» What you need to do: Begin at the line below that has "Trendsetter Black 3". Stop after the line that has "Sugar Cubes Line", repeating each line exactly and leaving out the pictures.

(Beginning of Dataset content)

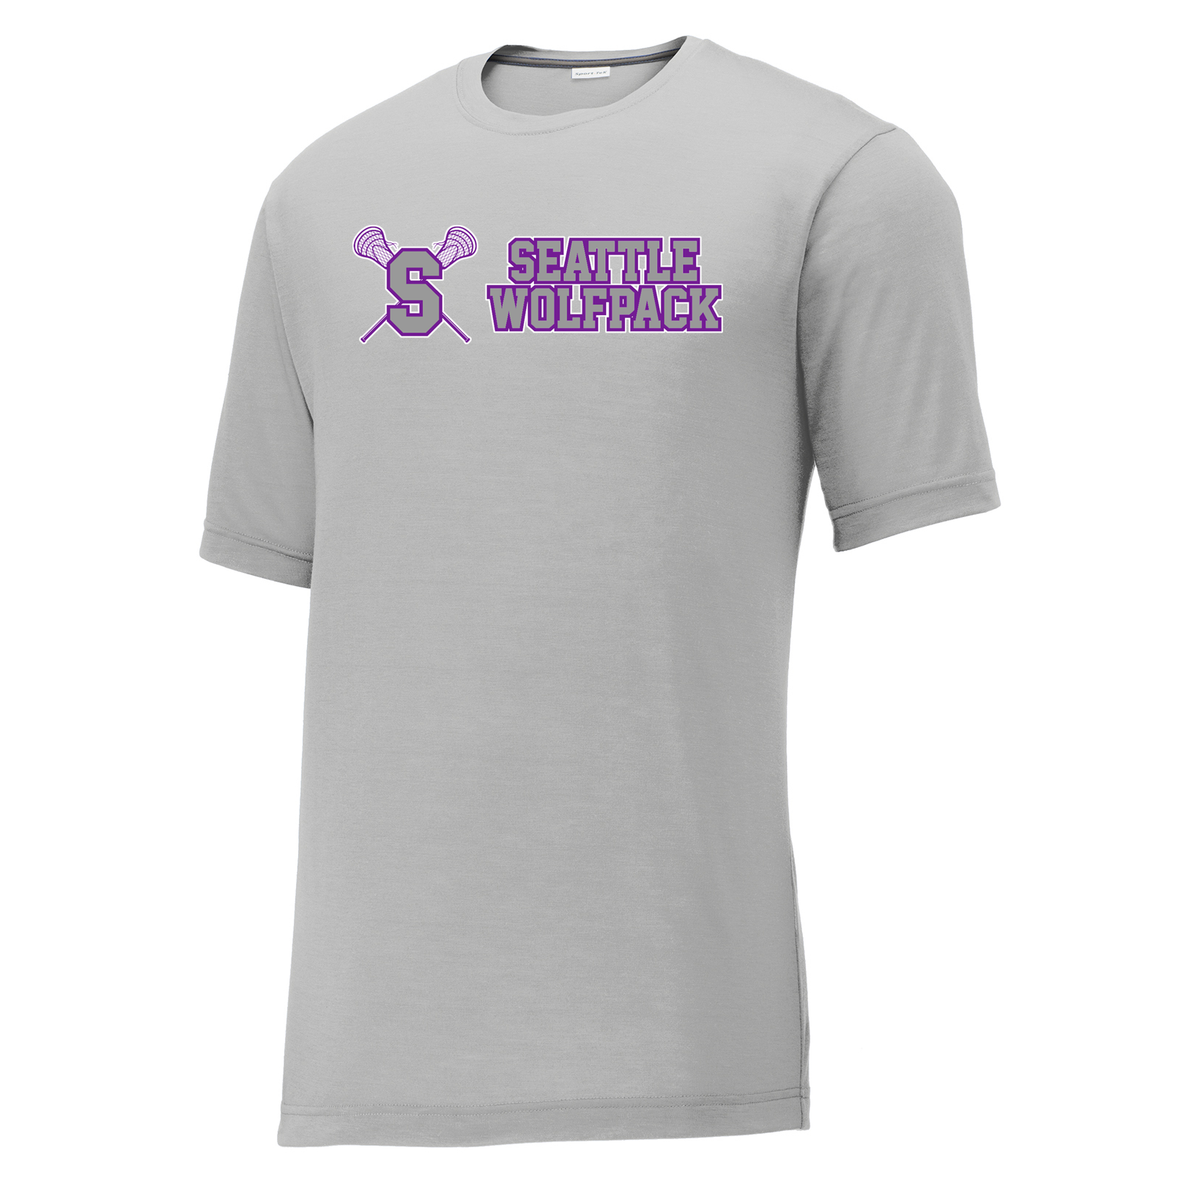 Seattle Wolfpack CottonTouch Performance T-Shirt
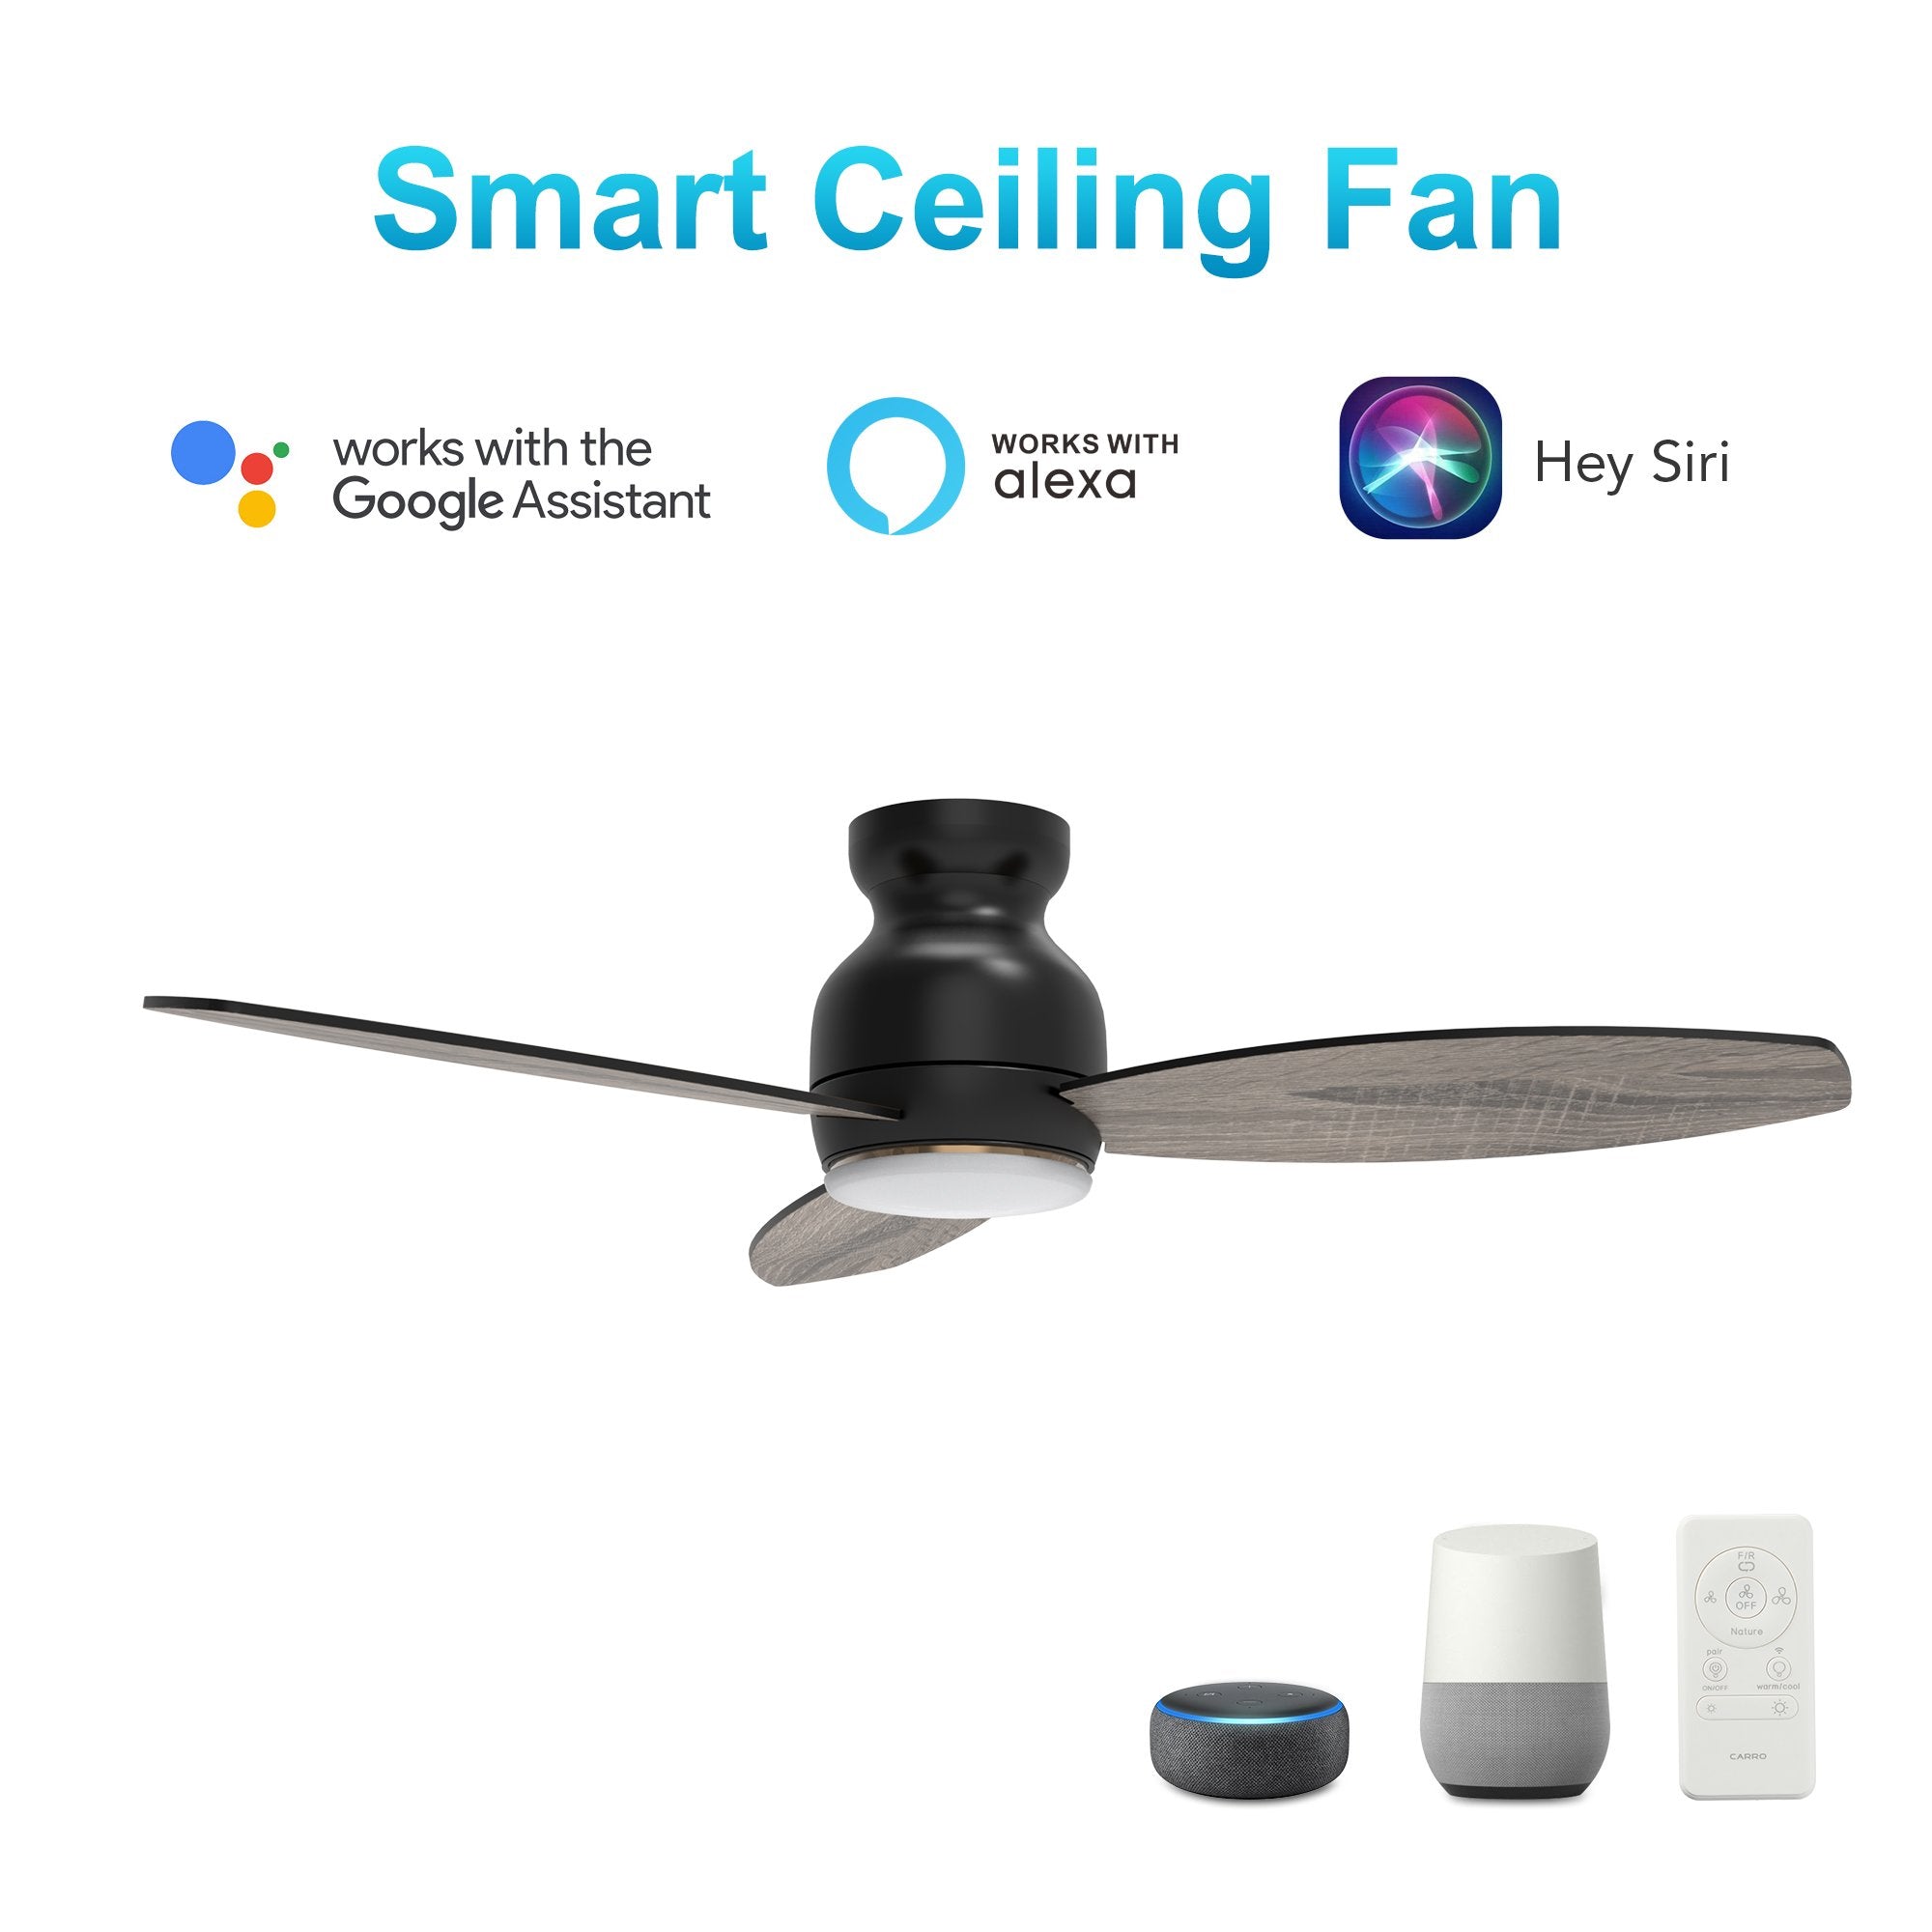 Trendsetter Black 3 Blade Smart Ceiling Fan with Dimmable LED Light Kit Works with Remote Control, Wi-Fi apps and Voice control via Google Assistant/Alexa/Siri
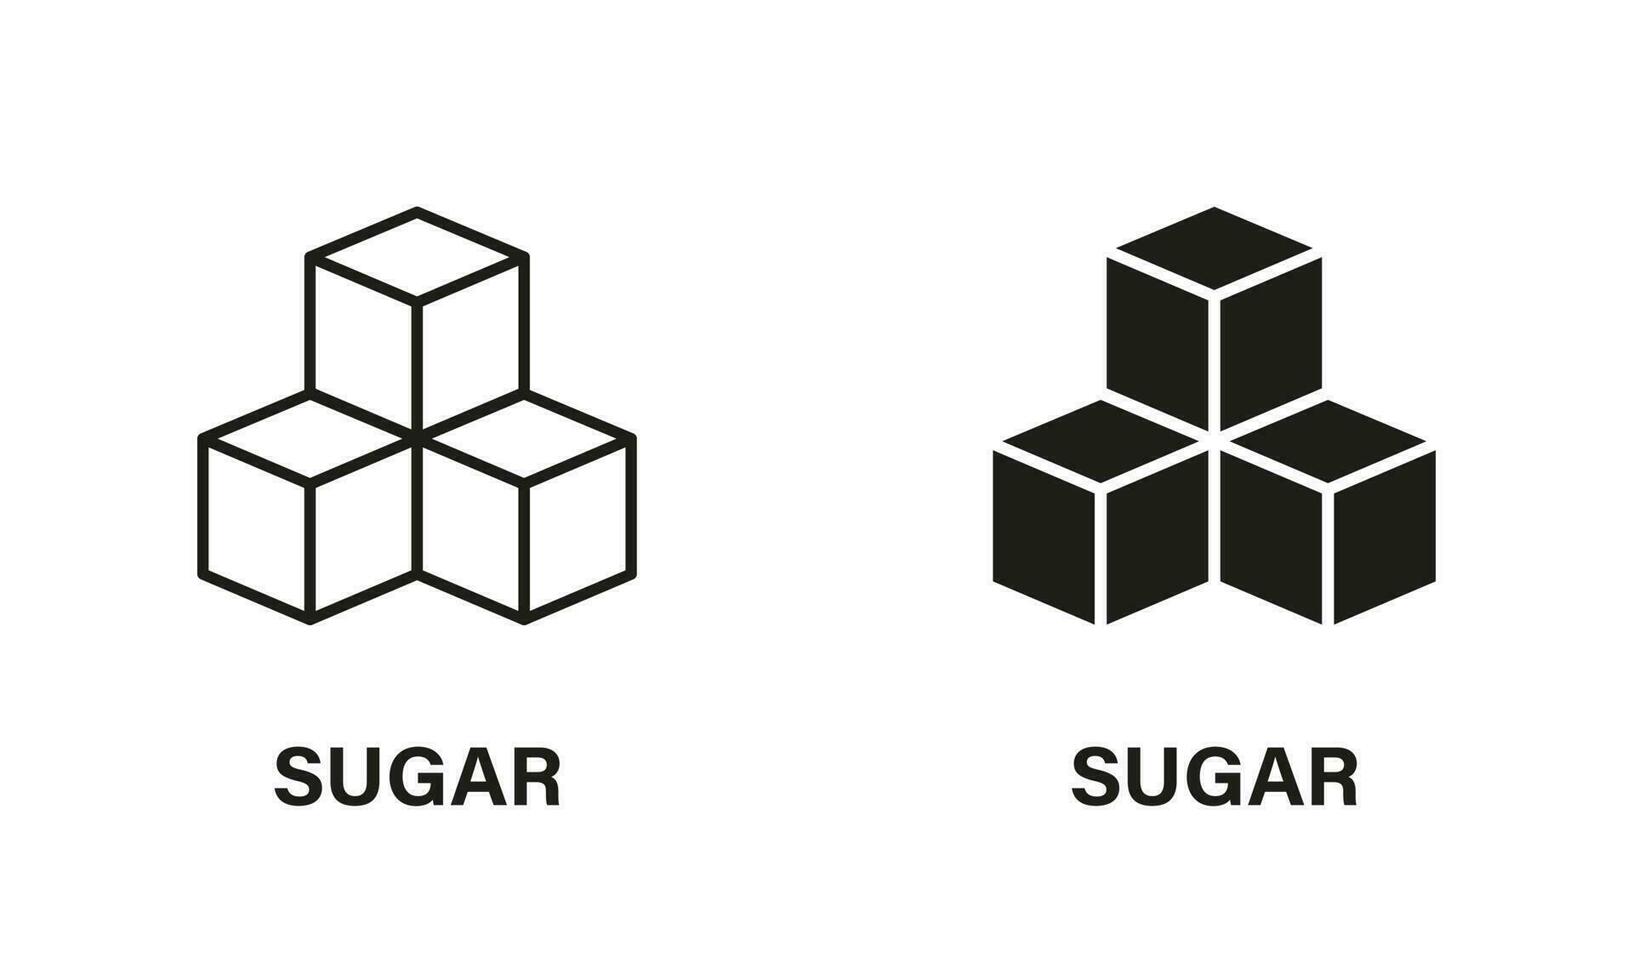 Sugar Cubes Line and Silhouette Icon Set. Low Glucose Black Pictogram. Healthy Sweet Vegan Product Symbol Collection on White Background. Isolated Vector Illustration.
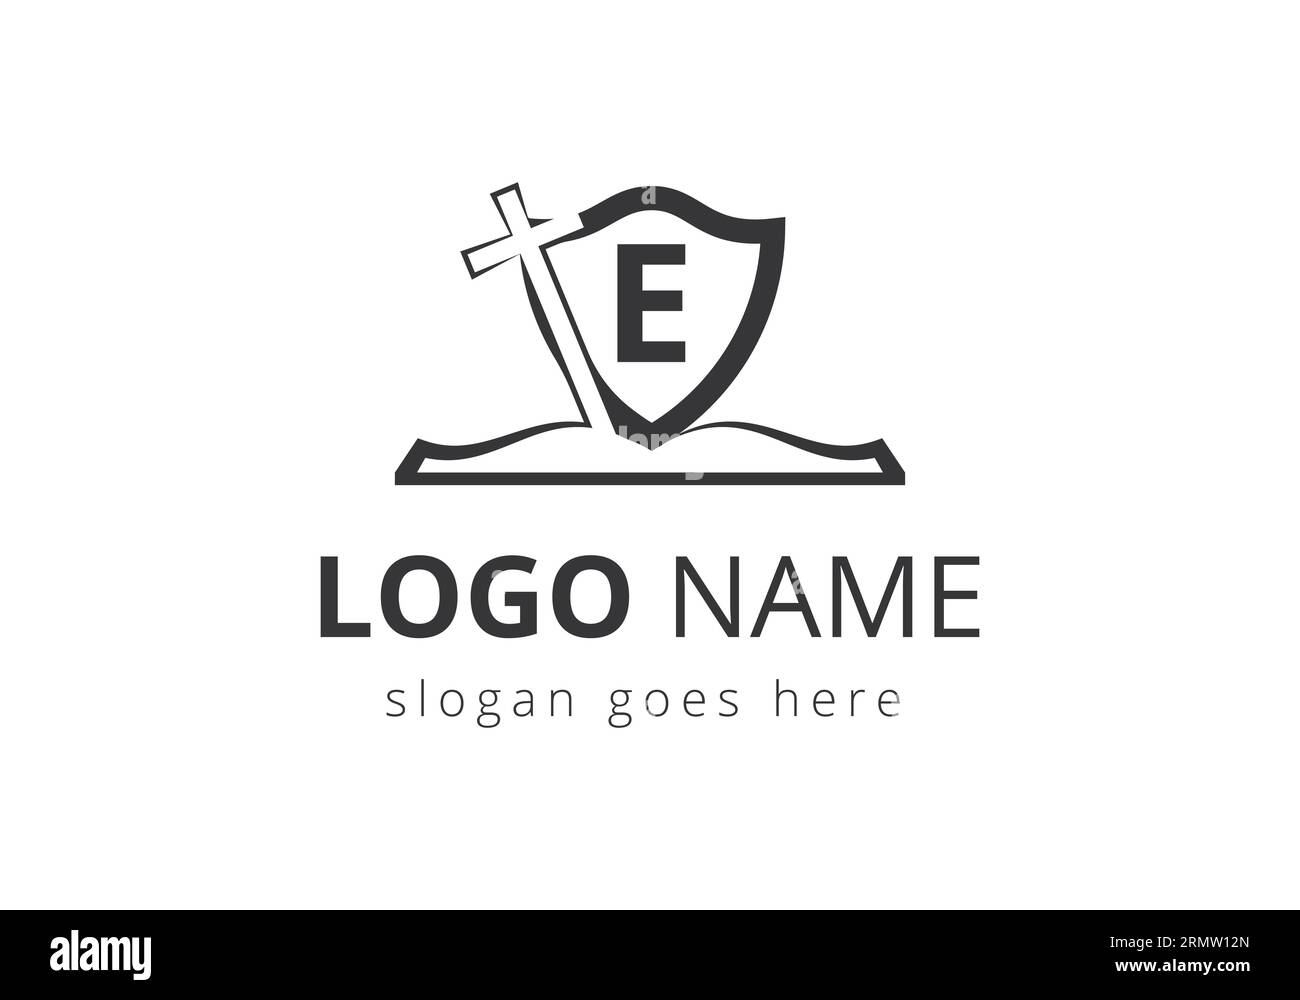 Church logo With E Letter Concept. Christian sign symbols. The cross of Jesus logo for christian church Stock Vector

(End of Dataset content)

» Written answer:
 Trendsetter Black 3 Blade Smart Ceiling Fan with Dimmable LED Light Kit Works with Remote Control, Wi-Fi apps and Voice control via Google Assistant/Alexa/Siri
 Sugar Cubes Line and Silhouette Icon Set. Low Glucose Black Pictogram. Healthy Sweet Vegan Product Symbol Collection on White Background. Isolated Vector Illustration.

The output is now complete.